**REQUIREMENT**. Skip the pictures. Output only the lines below starting at the line with "DEA Special Agent" and ending at the line with "Iowa Western Cheer", both ends included, exactly as they are.

**EXTRACTED ENTRIES**.

__________________________________________________

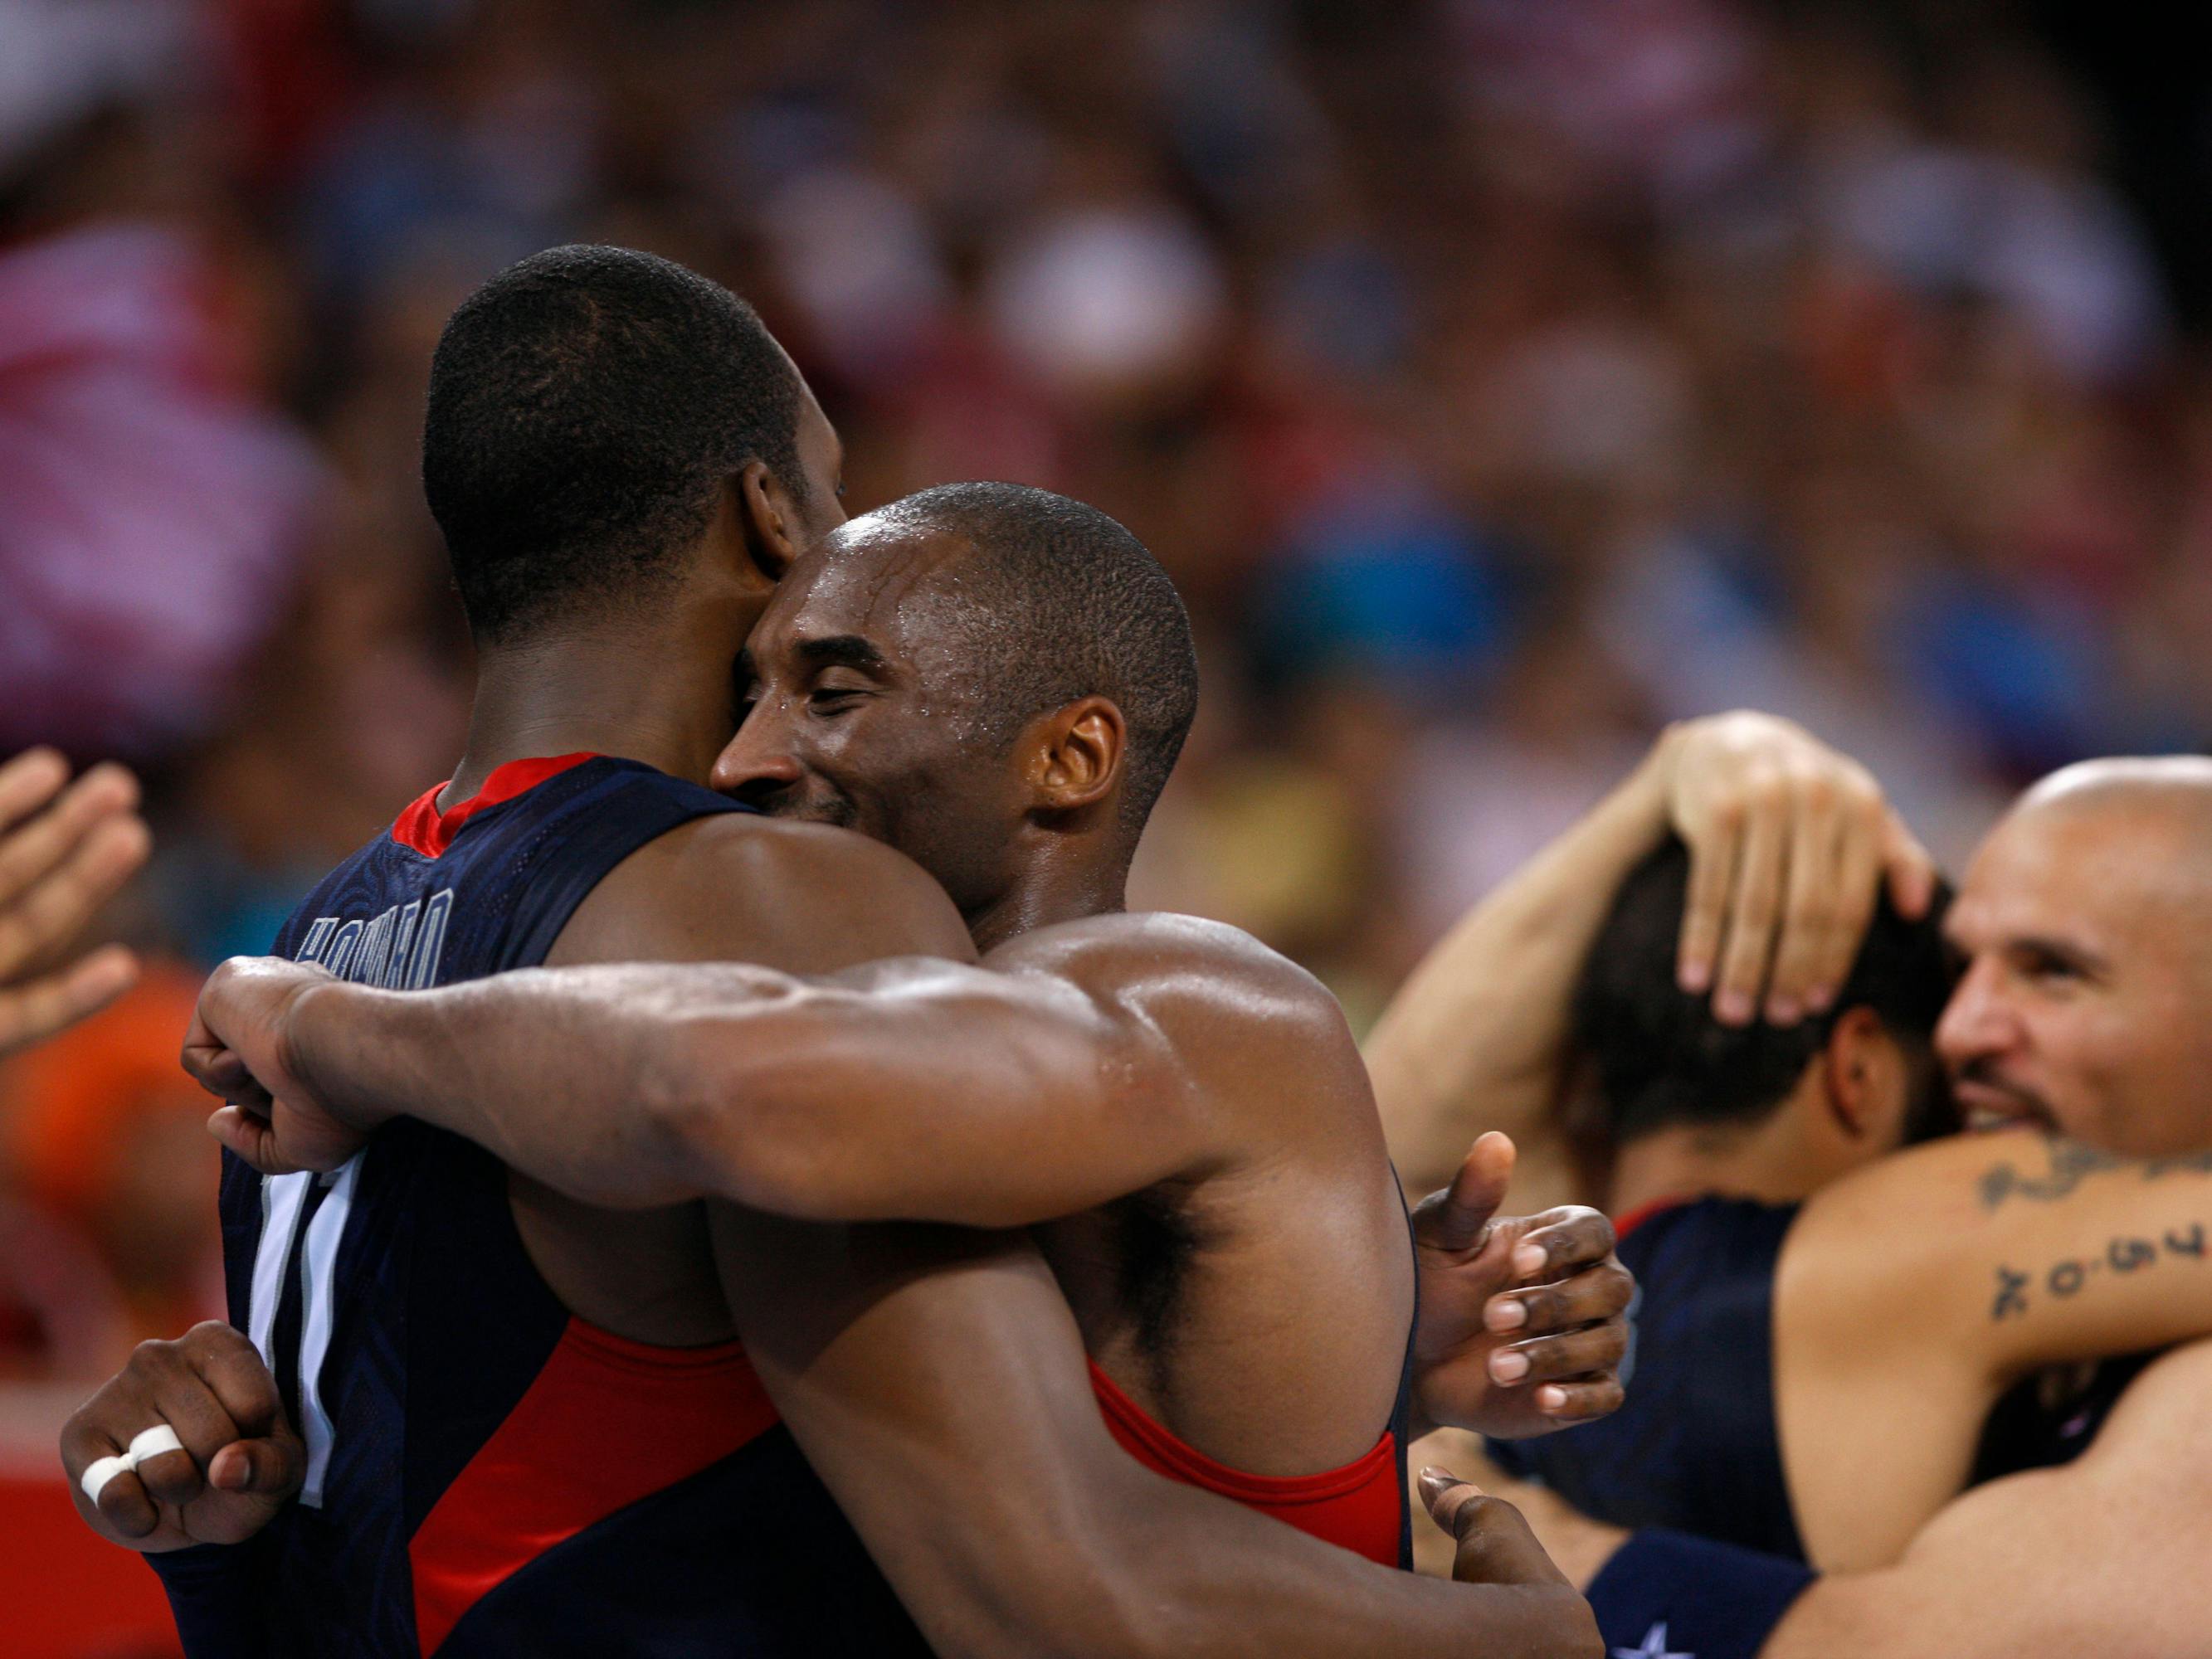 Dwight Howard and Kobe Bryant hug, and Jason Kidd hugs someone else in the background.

__________________________________________________

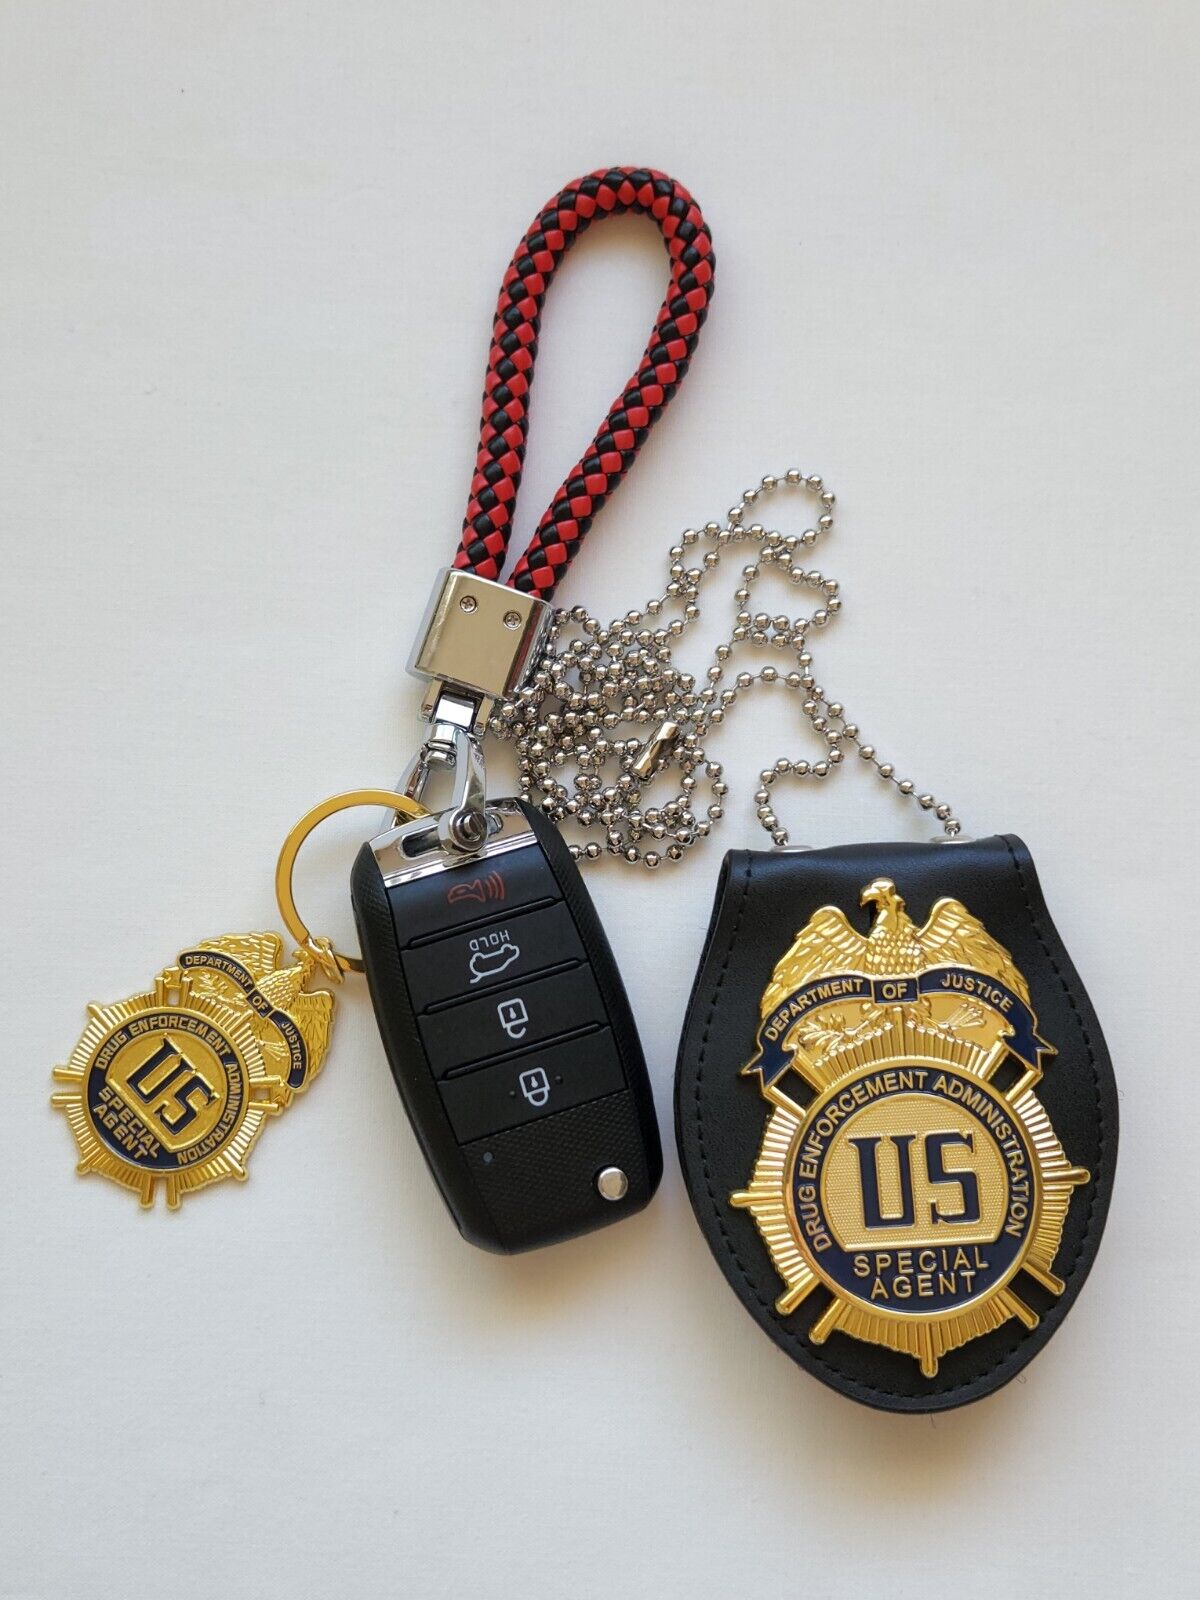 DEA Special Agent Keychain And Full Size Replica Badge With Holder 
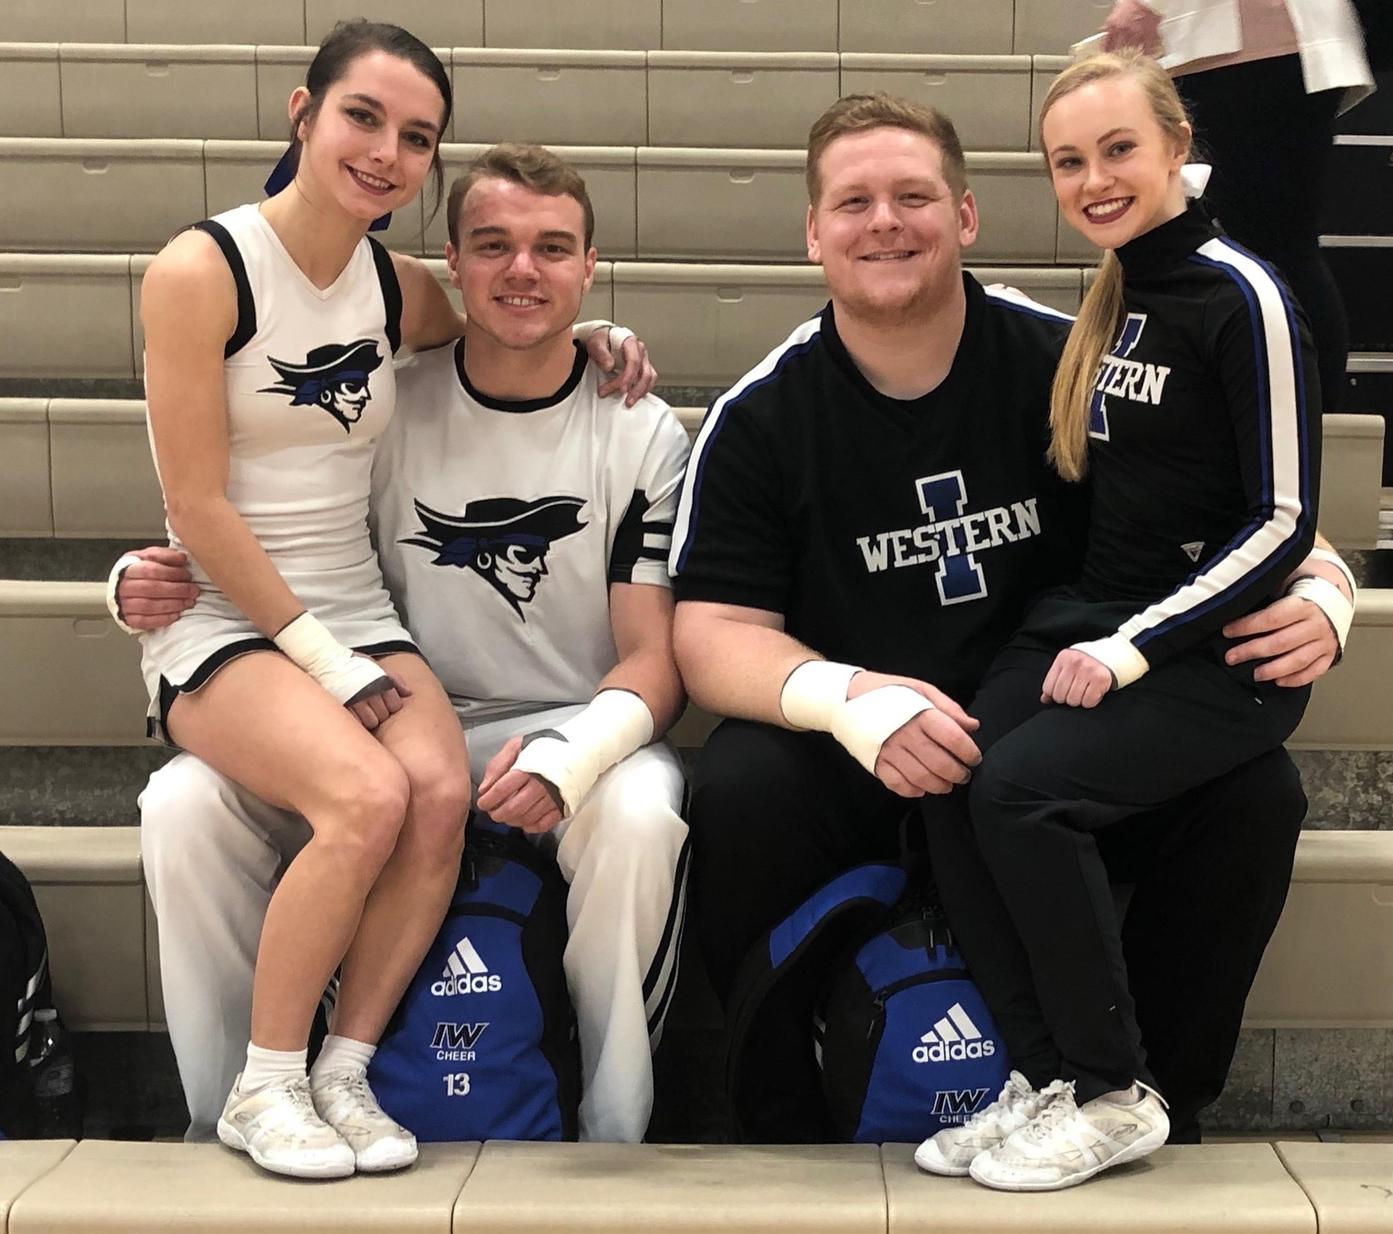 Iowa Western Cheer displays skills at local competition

__________________________________________________

**YOUR RESPONSE**.
 DEA Special Agent Keychain And Full Size Replica Badge With Holder 
 Iowa Western Cheer displays skills at local competition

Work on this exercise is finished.